DATA EXCERPT:
-=-=-=-=-

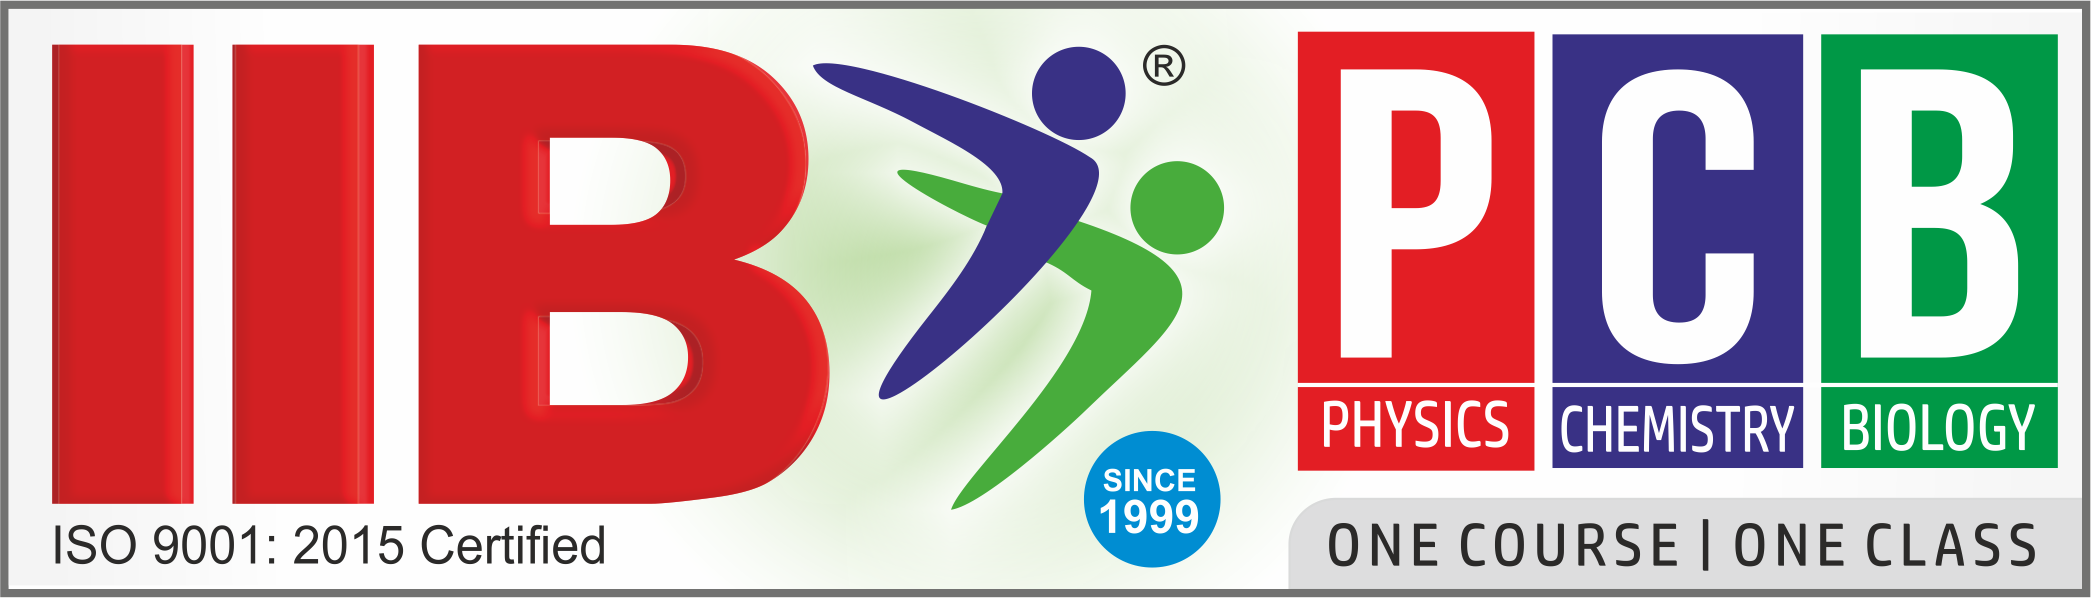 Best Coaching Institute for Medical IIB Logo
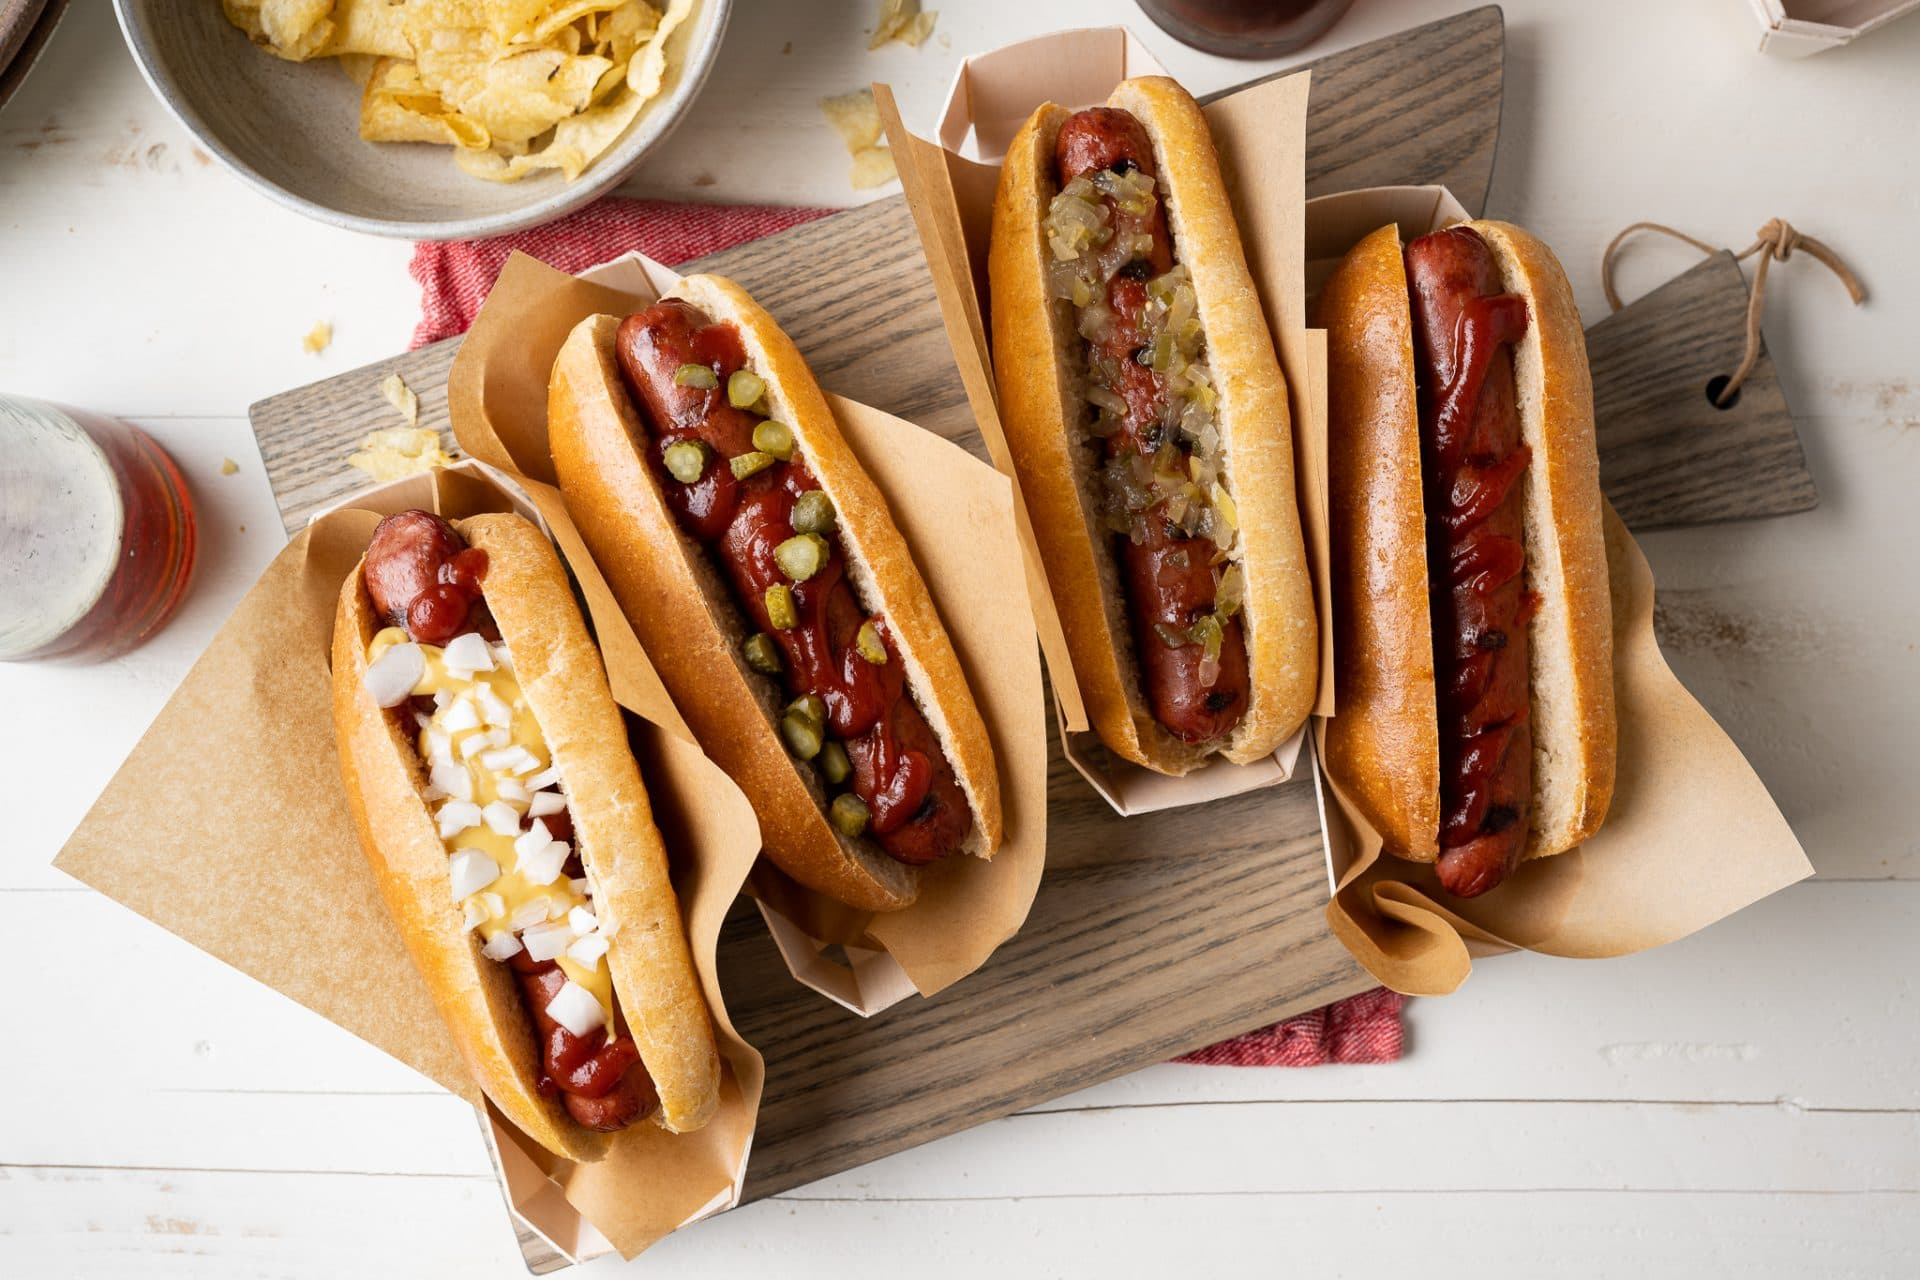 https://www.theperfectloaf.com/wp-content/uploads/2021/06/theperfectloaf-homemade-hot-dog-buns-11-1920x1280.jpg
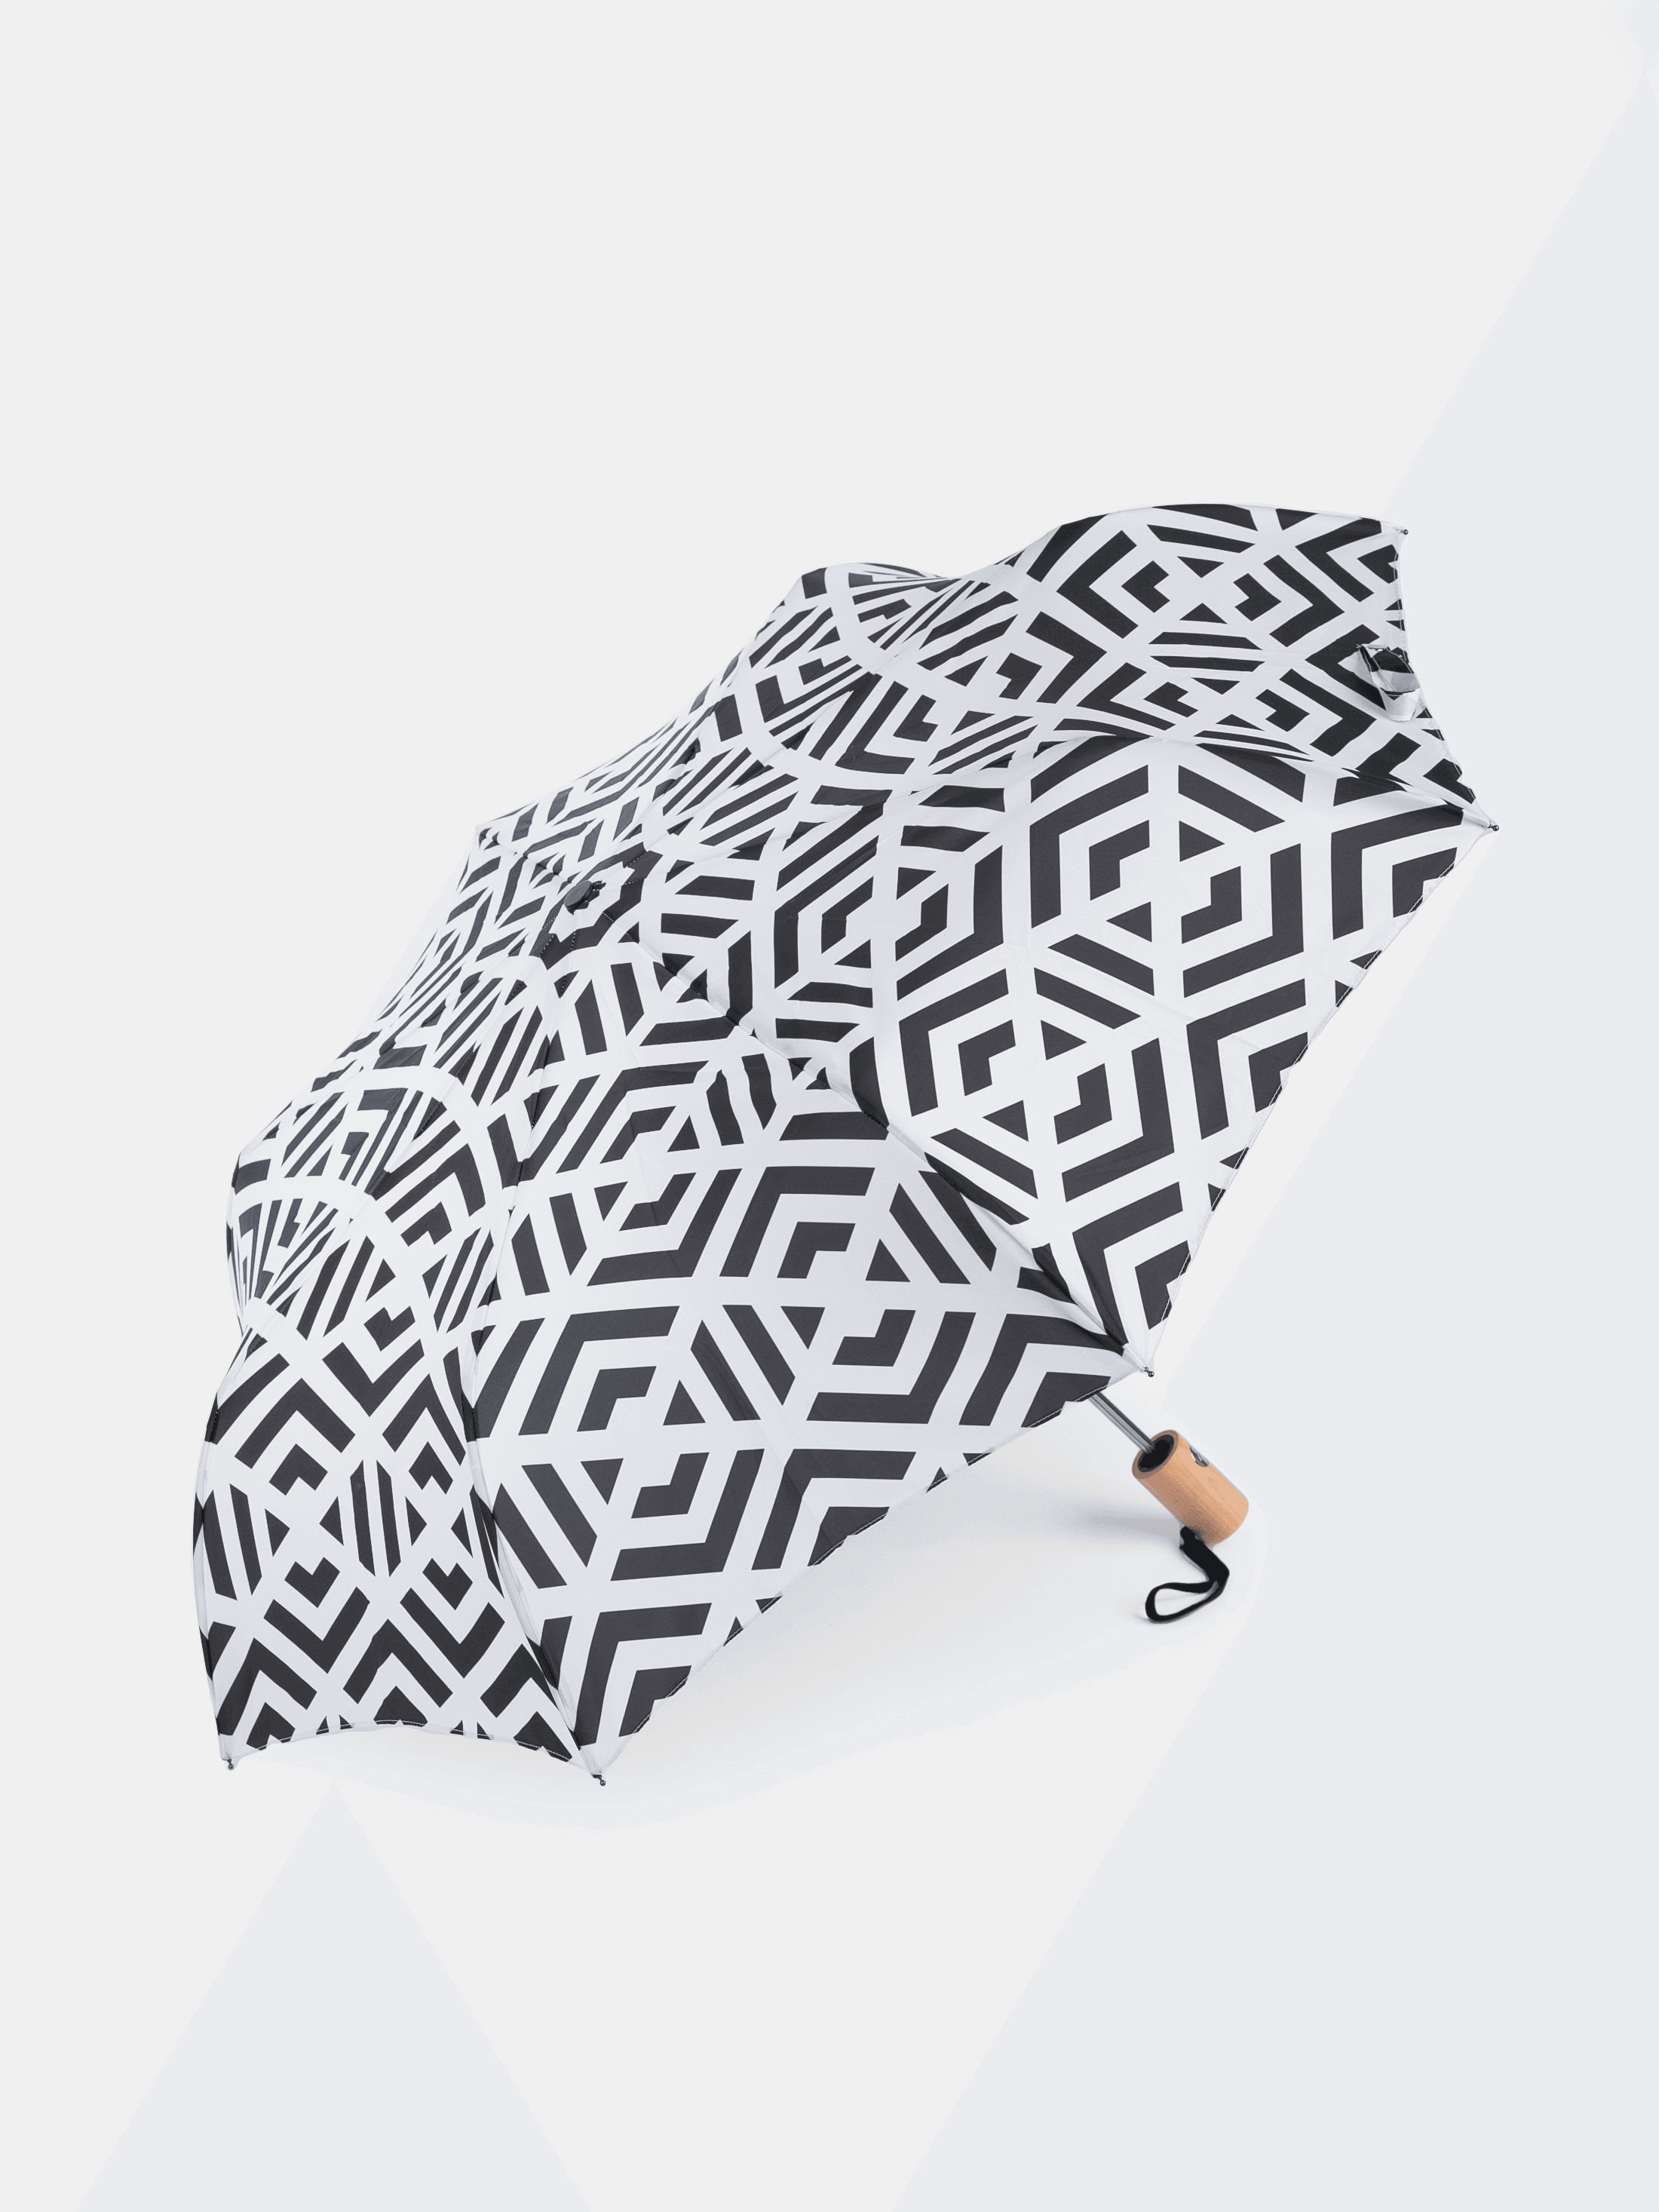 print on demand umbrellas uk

-=-=-=-=-

PROBLEM DESCRIPTION: Word for word, restate all of the material above except its pictures.

REPLY TO THE TASK:
 Best Coaching Institute for Medical IIB Logo
 https://www.theperfectloaf.com/wp-content/uploads/2021/06/theperfectloaf-homemade-hot-dog-buns-11-1920x1280.jpg
 print on demand umbrellas uk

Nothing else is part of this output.